Sex workers from Poland (4%), Hungary (4%) and Latvia, Lithuania, Estonia, Slovakia and the Czech Republic (on 3% each) are also a growing part of the sector.

The figures stand in contrast to 2006 when Russia and Ukraine topped the league table.

Prostitutes from Nigeria, Brazil, Belarus and Thailand continue to feature prominently in the survey then as now, however.

"The most significant factor [behind the changes] seems to be the enlargement of the EU, as people from the new EU countries no longer require visas to be able to travel within its borders, while stricter conditions for getting visas apply to non-EU citizens," the Tampep report says.

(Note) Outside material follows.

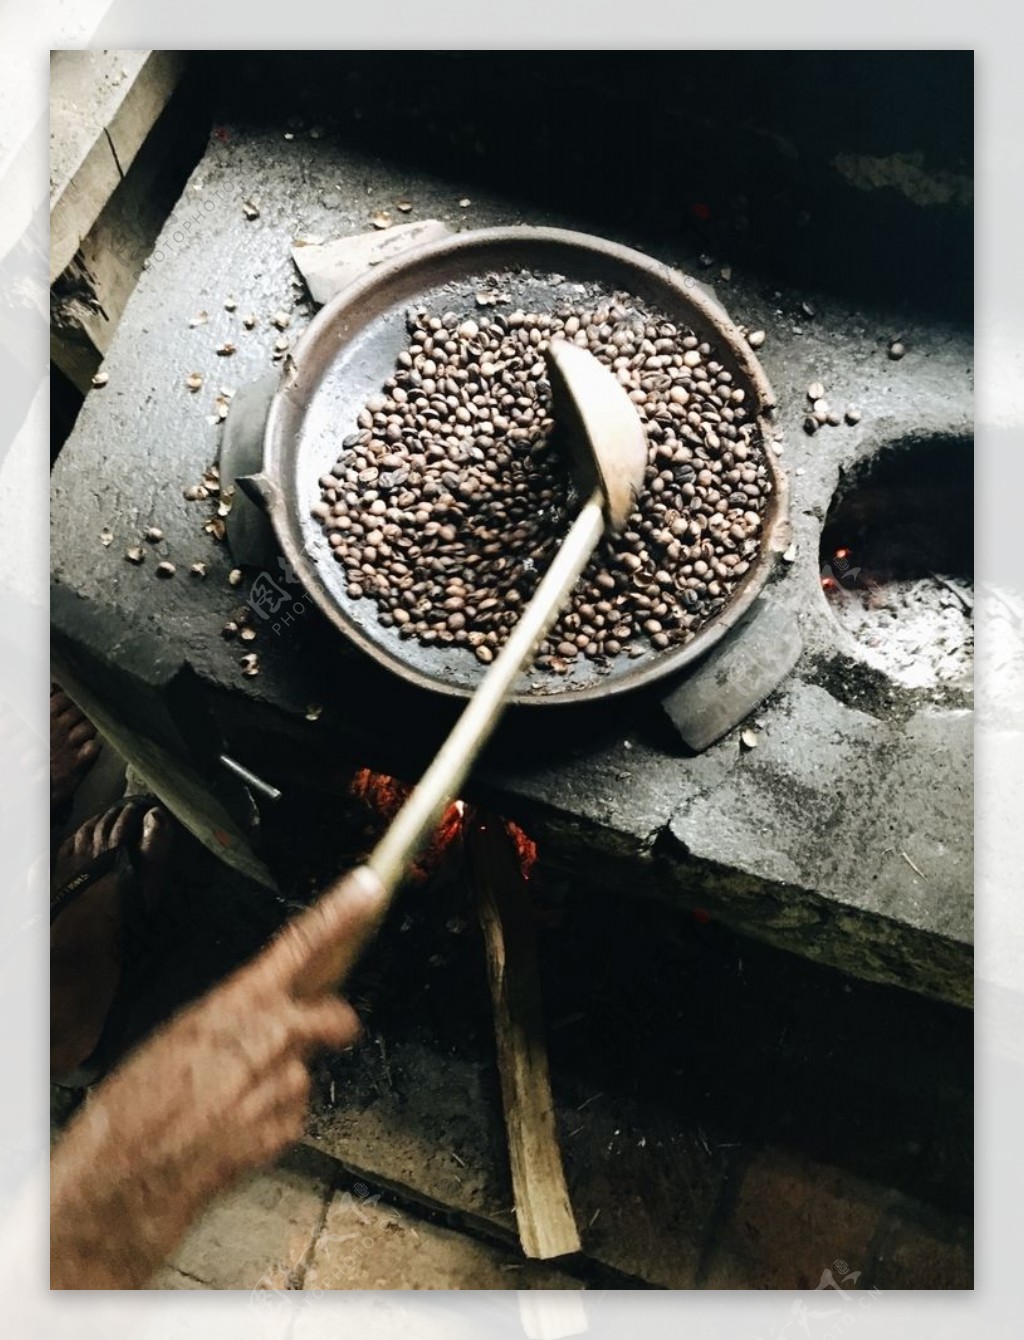 炒咖啡豆

"The extremely high level of migration flow from central and eastern Europe, almost 70 percent, is testament to the great economic and social inequalities that prompt this movement."

Focusing in on some of the figures, the Tampep survey found that impoverished ethnic minorities often do the most dangerous kind of work: In Romania, more than half of all street prostitutes are Roma. In the Baltic states, the same is true of ethnic Russians.

The Tampep report shows striking differences in the EU sex industry across the east/west divide.

In most western countries, such as Denmark (65%), Finland (69%), Germany (65%), Greece (73%), Italy (90%), Spain (90%), Austria (78%), Belgium (60%), France (61%) and the Netherlands (60%), the vast majority of prostitutes are migrants.

But in former Communist countries the reverse is true, with, for example 98 percent of sex workers in Slovakia, Romania and Bulgaria, 90 percent in Lithuania and 66 percent in Poland being of national origin.

In some western countries, the change in demographic in the years following EU enlargement is startling.

Denmark went from 50 percent migrant workers to 65 percent in the past few years. Italy went from 80 percent to 90 percent and Spain jumped from 70 percent to 90 percent.